Kunsthandwerk interessierte ihn nicht - also das möglichst schöne und geschickte Ausgestalten von Dingen, und die Mechanismen des Kunstmarktes widerten ihn an. Er bezeichnete sich selbst zudem als bequem. Er verbrachte seine Zeit lieber mit Schachspielen oder anderen Dingen. Auch das funktionierte. Seine Berühmtheit wuchs, je weniger er produzierte. „Ich hätte schon gerne etwas getan, aber ich war im Grund unsagbar faul. Ich lebe, liebe, atme lieber, als dass ich etwas arbeite. Und da ich nicht glaube, dass die von mir geleistete Arbeit in Zukunft für die Gesellschaft irgendwie von Bedeutung sein wird, habe ich beschlossen, mein Leben zur Kunst zu machen - die Kunst zu leben zu praktizieren.“

Duchamp starb am 2. Oktober 1968 in dem noblen Pariser Vorort Neuilly-sur-Seine nach einem fröhlichen Abend mit seiner Frau und einigen Freunden.

Von Beuys bis Maarouf

Was blieb, waren nicht nur seine „Readymades“ aus dem Alltag, sondern auch seine Philosophie. „Alles ist Kunst“ und „Jeder ist ein Künstler“, verkündete später Joseph Beuys überschwänglich, ganz im Sinne Duchamps. Künstler von Weltrang haben sein Konzept des „Readymade“ übernommen und erweitert: In „Monogram“ kombinierte Robert Rauschenberg etwa eine Angoraziege mit einem Autoreifen auf einer bedruckten Holzplattform, Andy Warhol fügte mit seinen Seife-Pads namens „Brillo Box“ im Jahr 1964 Fragen von Kommerz und Konsum hinzu. Auch die in Plexiglas gezeigten Staubsauger in der „New Hoover Convertibles series“ von Jeff Koons, Isa Genzkens „Weltempfänger“ und Damien Hirsts in Formaldehyd konservierter Tigerhai („The Physical Impossibility of Death in the Mind of Someone Living“) sind vom „Readymade“ inspiriert.

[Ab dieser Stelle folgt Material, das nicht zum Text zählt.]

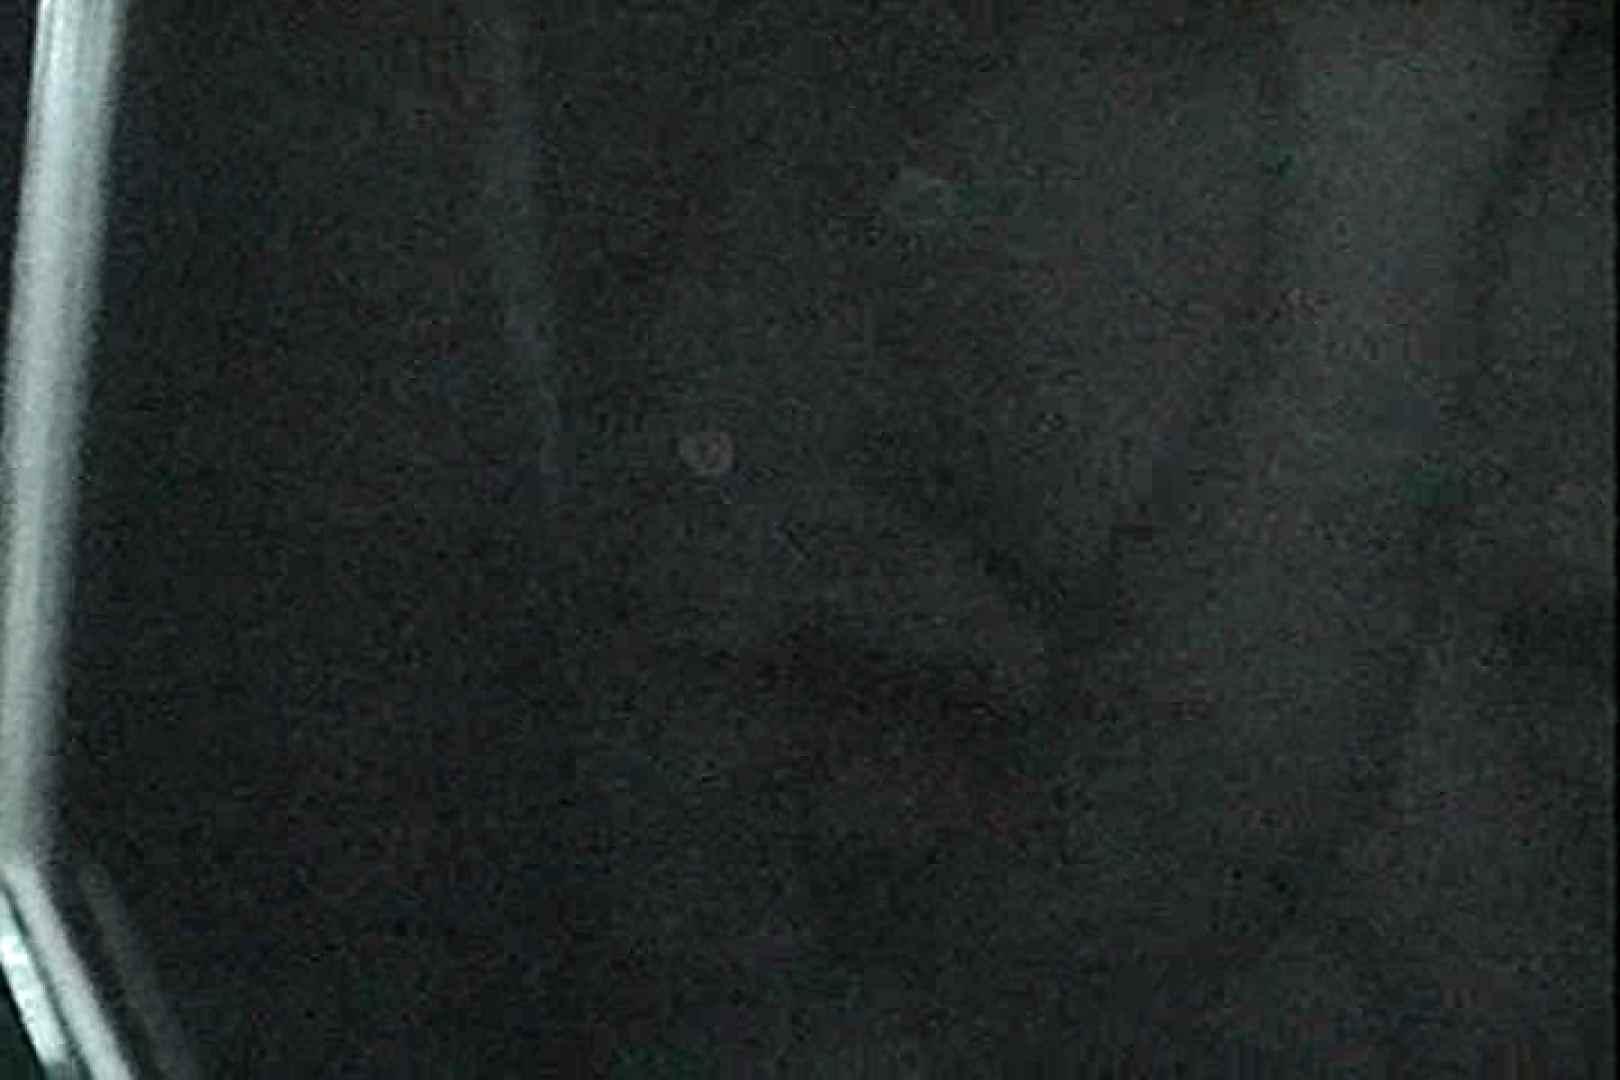 充血監督の深夜の運動会Vol.39 カップル  89pic 56

Duchamp habe die Grenzen öffentlichen Geschmacks und künstlerischen Handwerks nicht nur getestet, sondern auch überschritten, schreibt das Metropolitan Museum of Art. Bis heute wirkt sein zugleich auch satirisch gemeinter Zug nach: Erst vergangenen September zeigte das Guggenheim-Museum in Manhattan die Skulptur „America“ des Italieners Maurizio Cattelan - ein voll funktionsfähiges Klo aus 18-karätigem Gold. Eine Toilette als Kunstwerk zu deklarieren, scheint selbst ein Jahrhundert nach Duchamp kaum an Aussagekraft verloren zu haben.

Thaer Maarouf: Vito

Thaer Maarouf

„Vito“ (2013) des in Wien lebenden syrischen Künstlers Thaer Maarouf, derzeit in Beirut ausgestellt

Der in Wien als Flüchtling lebende, international renommierte syrische Künstler Thaer Maarouf sagt gegenüber ORF.at: „Duchamp ist der geistige Vater der Konzeptkunst - er hat das Konzept des Wahren und Schönen in der Kunst auf den Kopf gestellt, und das wirkt bis heute nach.“ Maarouf stellt derzeit in einer umfangreichen Schau in Beirut das Kunstwerk „Vito“ aus: Ein Bild an der Wand zeigt den angewiderten Künstler mit einer Wäscheklammer auf der Nase. Davor ein Glastisch mit UNO-Emblem und rundherum, eine für jedes Mitglied im ständigen Sicherheitsrat, Kloschüsseln. Maarouf reagierte damit auf das Scheitern einer Resolution zu Syrien am Veto Russlands.